The Battle of Waterloo and Dentistry

Real teeth were used in the most expensive dentures and were often illegally obtained from exhumed corpses and the bodies of executed criminals (nice!).

The Battle of Waterloo in 1815 left 51,000 dead. The day after the battle a whole army of scavengers started to strip the dead of everything including their teeth. Suddenly there were  mountains of teeth flooding the London markets, making real tooth dentures more affordable.

The name ‘Waterloo teeth’ came to mean any dentures made with real teeth (as in this photo). They were very sought after as they were made with teeth supposedly taken from a brave soldier cut down in his prime.

Thankfully Claudius Ash, a silver and goldsmith invented a denture to hold Porcelain teeth in, so denture wearers no longer had to wonder about the provenance of their teeth.

1950s – stainless steel replaced gold as the material of choice

1960s – an Australian Orthodontist, Begg, proposes that 4 teeth need routinely extracting. His research on Aboriginals who have no crowding proposed that we extract 4 teeth to mimic tooth wear. This started a generation of extraction therapy.

1970s – Braces wrapped right around the teeth with bands as the technology to glue them in place was not very reliable (see photo).

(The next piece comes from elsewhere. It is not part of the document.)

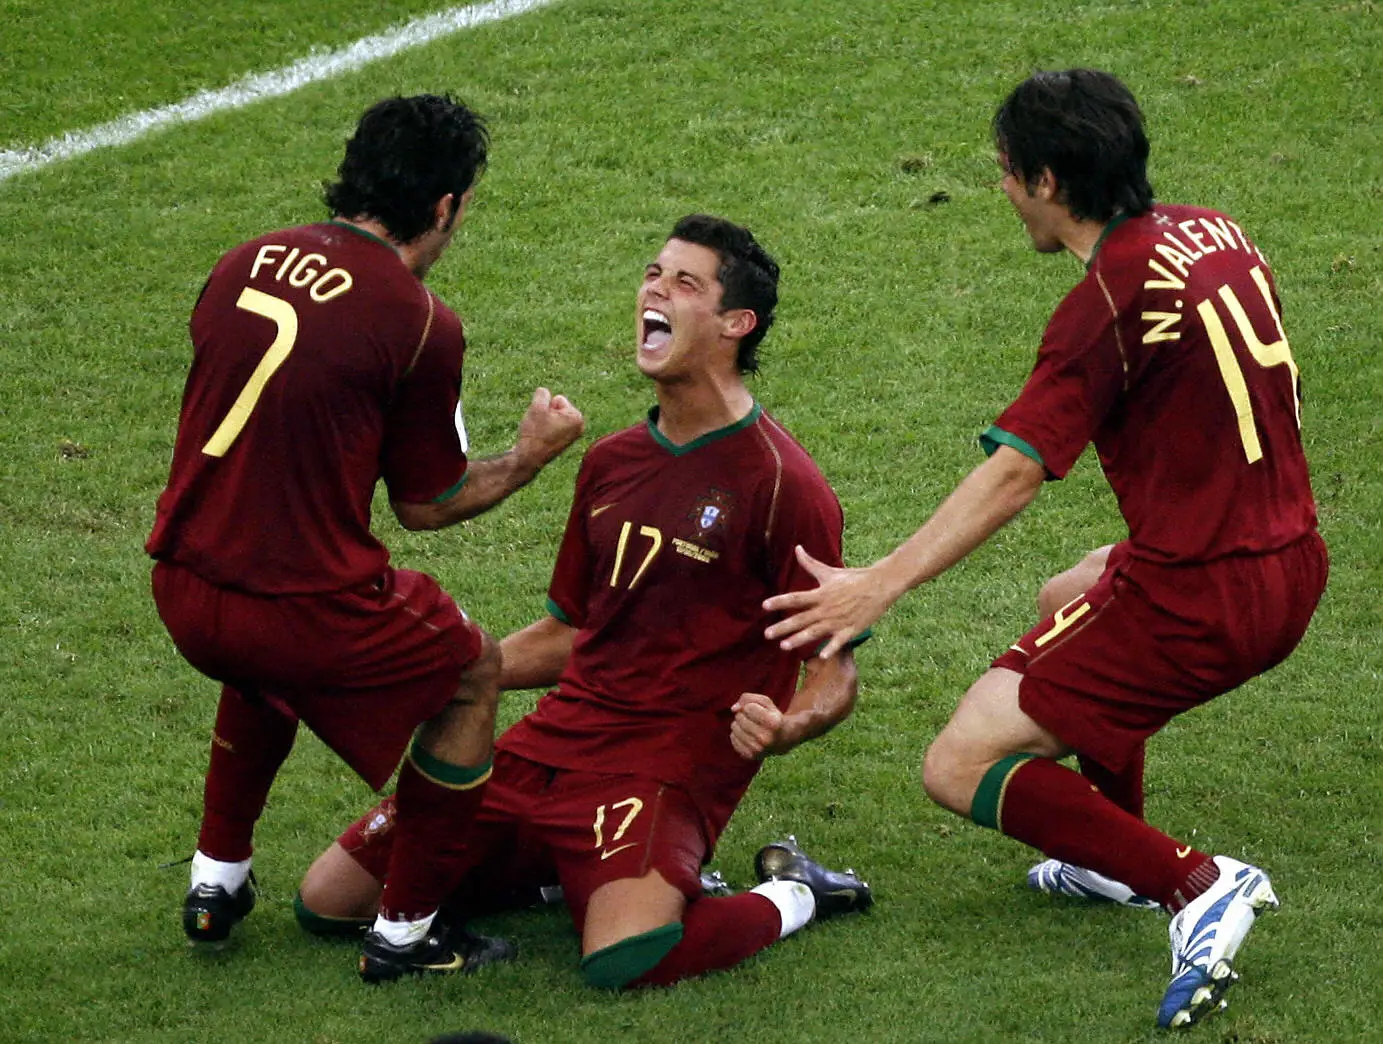 Quase 2,4 milhões de pessoas assistiram à vitória de Portugal na estreia no  Mundial de futebol – ECO

1980s – NASA developed ‘nickel-titanium’ wires. These wires are floppy until they reach body temperature. They move teeth with low constant forces- a massive improvement on the previous steel (& gold) wires

1990s – Self ligating braces launched. A trap door replaces the high friction elastic ‘bungees’ that keep the wire in the bracket making treatment faster more comfortable and allowing more cases to be treated non-extraction

2000 – Invisalign Launched by 2 MBA graduates – a God-send for anyone wanting Orthodontics but not wanting a brace on show.